If there is no God, the price for our extremist autonomy is all the same for all – it is negligible. If, however, there is a God, the price for this autonomy is eternity! What has the modern naturalist done? There was a time during which ideas were discussed with respect for one another’s personhood. Today the modern New Village Atheist is on a crusade of rhetorical massacres content with his own prison. He has erected one such prison and locked himself inside, persistent that nothing else exists outside, content to dehumanize himself using his own mind to do it. And it must be the most dramatic irony that the mind that has been given by God is used to ridicule Him. No thoughts about it; this prison is very fine for the modern naturalist. It is a warm, clean and well-lit cell, and he refuses to come outside. He has fed his pride by constructing labels, calling himself “a free thinker” to free himself from the imaginary chains of religion and unknowingly locking himself into the real prison that he just cannot fathom.

With the merriment of his dance making him emotionally drunk with his ideology, he has nonetheless appealed to “reason” as his reason for his treason. But should he merely consider in earnest and with humility the total sum of reality and be open to alternatives to the comfortable prison he indwells, he may be shocked to find that this prison is not all that there is, and shocked, even more, to find himself truly imprisoned. Perhaps if he should consider where the light is coming from that allows him to see anything at all, perhaps then he will see the real world in its true essence – sometimes well-lit, but not always; sometimes warm, but usually cold; now more clamorous and rarely clean. The battle of ideas rages on, despite the naturalist’s own claim of certainty of his position – of his cell.

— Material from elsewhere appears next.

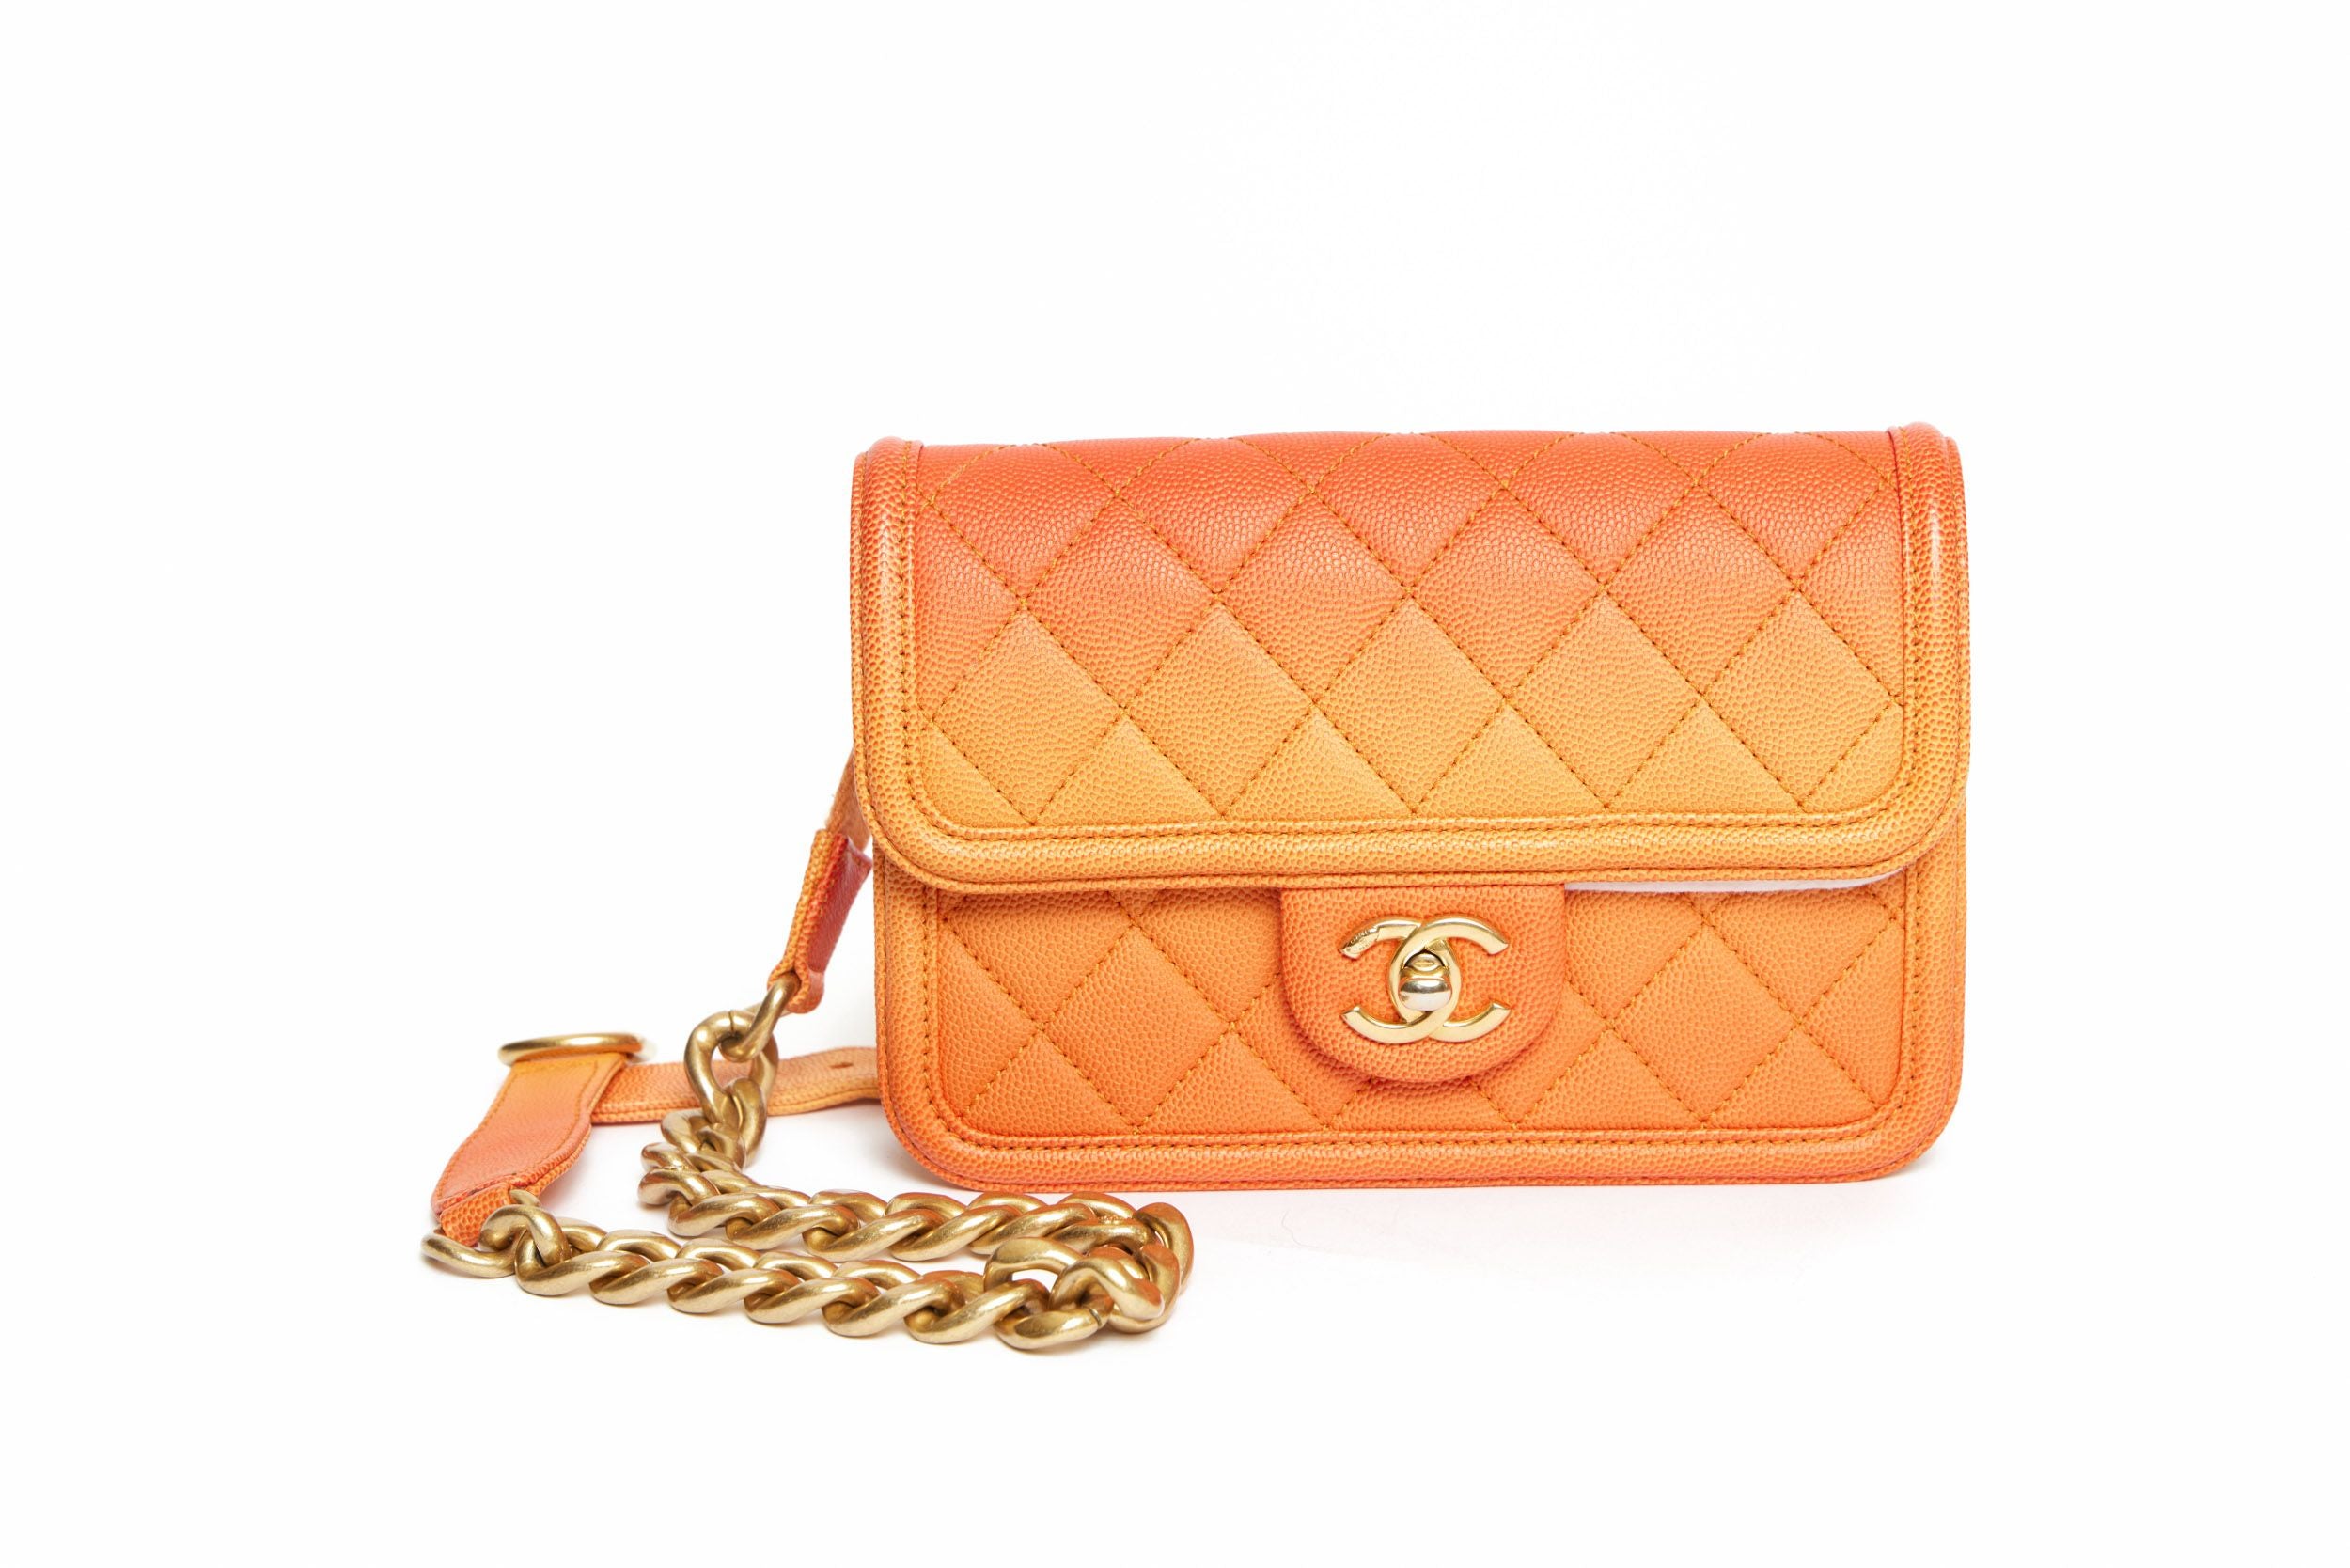 Chanel Neo Executive Small Orange Calf Leather Bag A69929 Luxury Bags   Wallets on Carousell

This is the age of paradoxes and it is highlighted for us in stark contrasts as the modern man screams for tolerance and goes ahead to quiet those who dare take a stance contrary to his supposed “facts.” G.K. Chesterton, the British philosopher, eloquently illustrated this hypocrisy,

“So thus he writes one book complaining that imperial oppression insults the purity of women and then he writes another book, a novel in which he insults it himself…As a politician he cries out that war is a waste of life and then as a philosopher that all life is a waste of time…The man of this school goes first to a political meeting where he complains that savages are treated as if they were beasts. Then he takes his hat and umbrella and goes to a scientific meeting where he proves that they practically are beasts.” [4.Chesterton, G.K., Orthodoxy]

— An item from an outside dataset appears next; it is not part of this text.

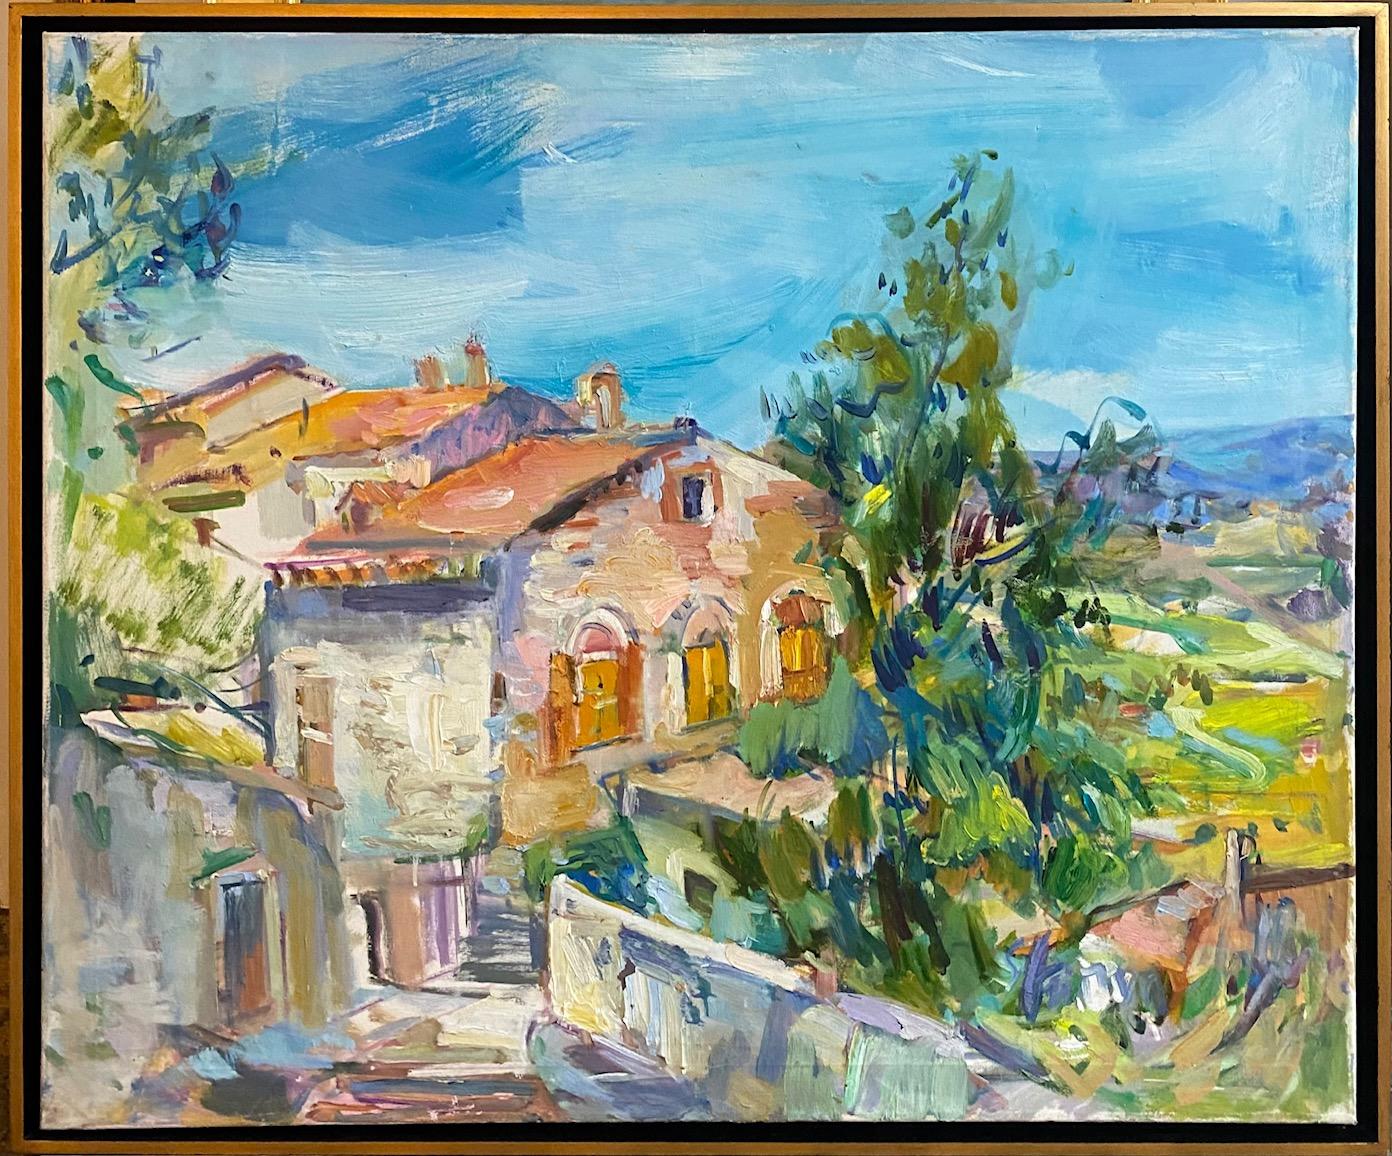 Sonia Grineva Abstract Painting - Todi, Umbria, original 30x36 abstract expressionist Italian landscape

But have we thought through this hypocrisy? Has the naturalist completely understood and come to terms with the fact that the mind he uses to erect his theories by the implications of his own theories are merely the result of biochemical inner-workings, and as such, cannot give him reason to believe that his mind can be reasonable, that biochemical reactions can somehow generate a mind that can understand those selfsame reactions. This then is the ultimate paradox of the modern naturalist – that by the “reason” he thinks he’s erected with his “theory” of mere material “dominoes” that perpetuate the cause and effect, that he commits a suicide of epic proportions. Yet, with his predisposition to naturalism and a blatant bias, he dances comfortably in the corner of his own cozy prison cell, avoiding any and all reason for his existence, content to unknowingly abolish all purpose and meaning, proudly but unwittingly intent on his own dehumanization and his own ultimate destruction.

But standing outside under the sun that allows all of reality to be revealed, is the one whose voice can barely be heard inside the prison. Barely cutting through the jovial dance in the dark inside, one can barely make out the words coming from outside, “I implore you, for your sake, please just look outside! We were meant for more!”

7 thoughts on “Naturalism is Like a Prison Cell

  1. John Wylie says:

    I appreciate your beautiful prose and attitude. We think alike. I will link yours to mine.  John Wylie

    • Arthur Khachatryan says:

      Thank you, John! I appreciate the complement, but from what I read I didn’t necessarily find all the much in common with your view.